Many surgeries today are done on an outpatient basis. You go to a hospital or a clinic for the surgery and return home the same day.
6. Will I be put to sleep for the surgery?
Your surgery may require only local anesthesia, which means that just part of your body is numbed for a short time. In case of general anesthesia, you are put to sleep.
7. How long will the surgery and recovery take?
Many surgeries can be done relatively quickly and don’t require an extended stay in a hospital. However, it may be different for your surgery, so you should ask. Also ask whether you’ll need to stay overnight in the hospital, or perhaps stay several days.
You’ll want to know when most people are able to resume their normal activities, such as doing chores around the house and returning to work. You may think there would be no harm in lifting a sack of groceries after a week or two. But there might be. Follow your doctor’s advice as carefully as possible. Also ask your surgeon if you’ll have any restrictions on what you can eat or drink before or after the surgery.
8. What will it cost me?
Health insurance coverage varies. You may not have to pay anything. You might have a deductible to meet. Or perhaps you’ll have to pay a percentage of the cost. The doctor’s office can usually give you information about this, but you also need to check with your insurance company. Be aware there will be both a surgeon’s fee and a hospital or facility fee — know the cost of both. Be certain to know if you are responsible for a flat copay — a set amount for the surgery — or if you have to pay a percentage of the bill. There’s a big difference.
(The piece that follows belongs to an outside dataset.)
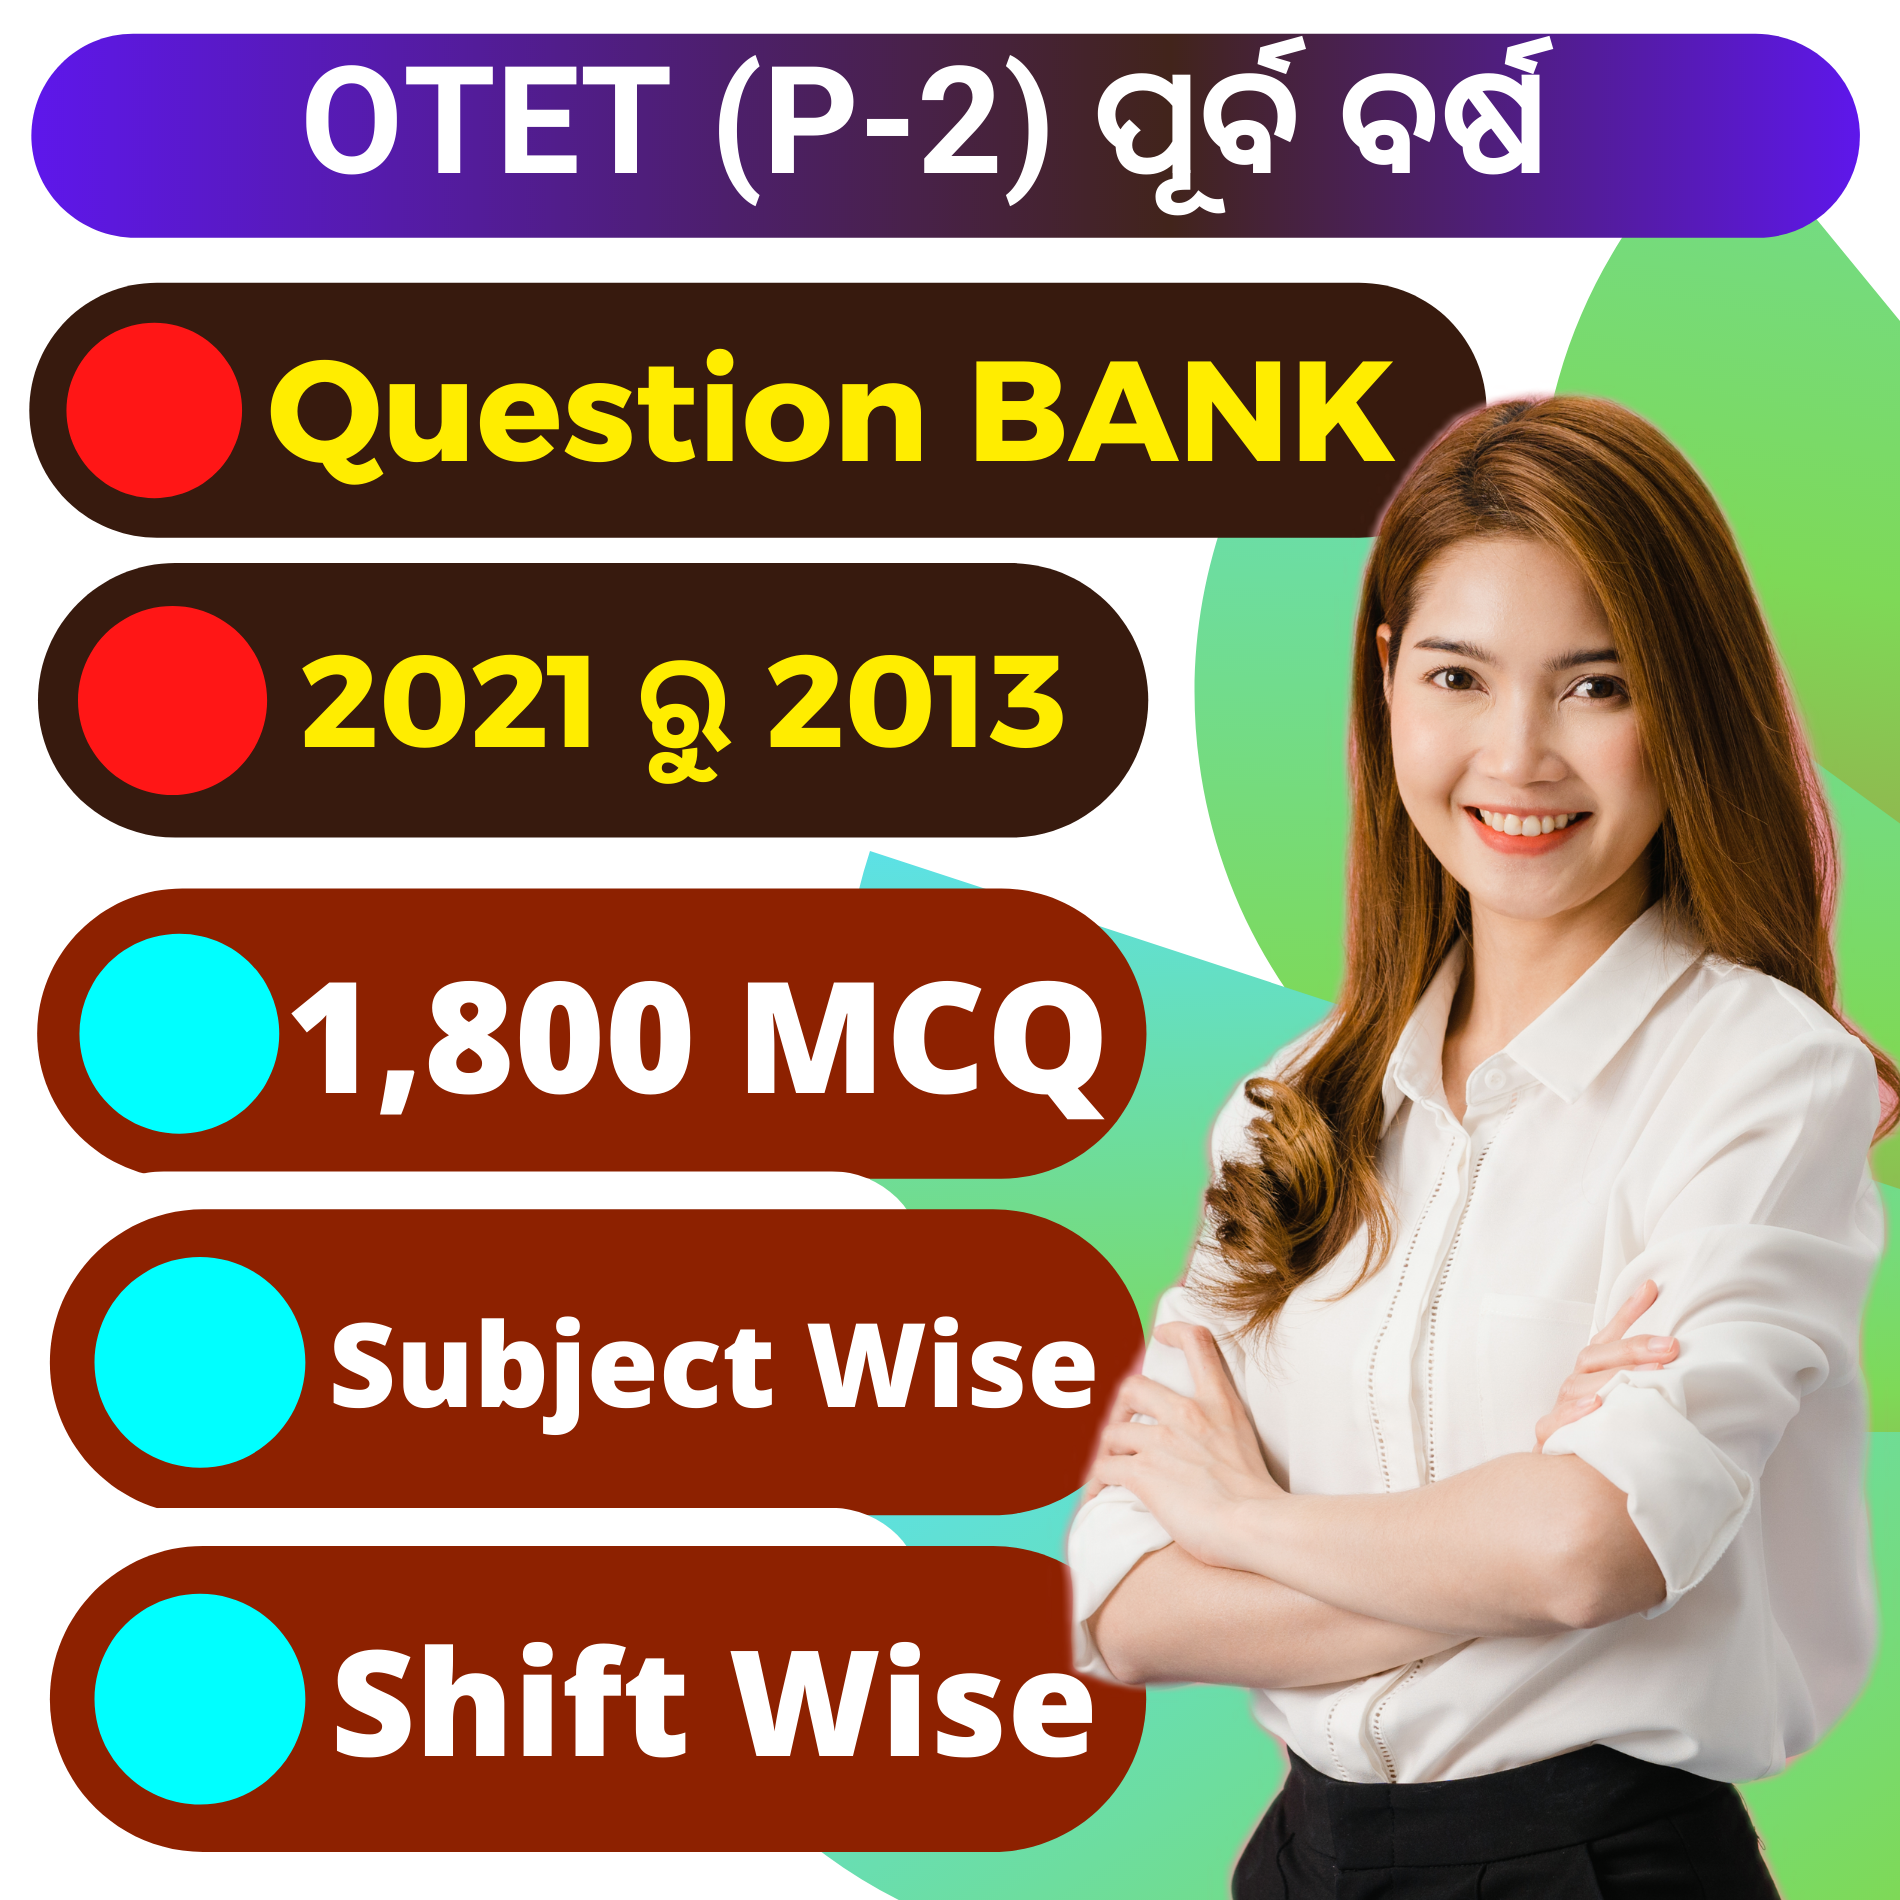 C- OSSSC PEO & JA 2023 !! E-BOOK (PDF) 20,000 BEST MCQ !! CHAPTER WISE LAST 5 Years ALL QUESTIONS & ANSWER

9. Should I get a second opinion?
If, after asking all these questions and others, you still have unanswered questions, are unsatisfied with the answers or are still uncomfortable about surgery, you may want to consider the advice of another doctor.
A second opinion, also called a consultation, can be a good way for you to get some more perspective on your surgical options. If you seek a second opinion, do so with someone with expertise doing the surgery. Your primary care doctor may be able to help suggest someone for a second opinion. Keep in mind that a second opinion isn’t necessarily any better than the first one. If there’s disagreement, or agreement, between the two opinions, it’s still up to you to evaluate what choice you feel most comfortable with.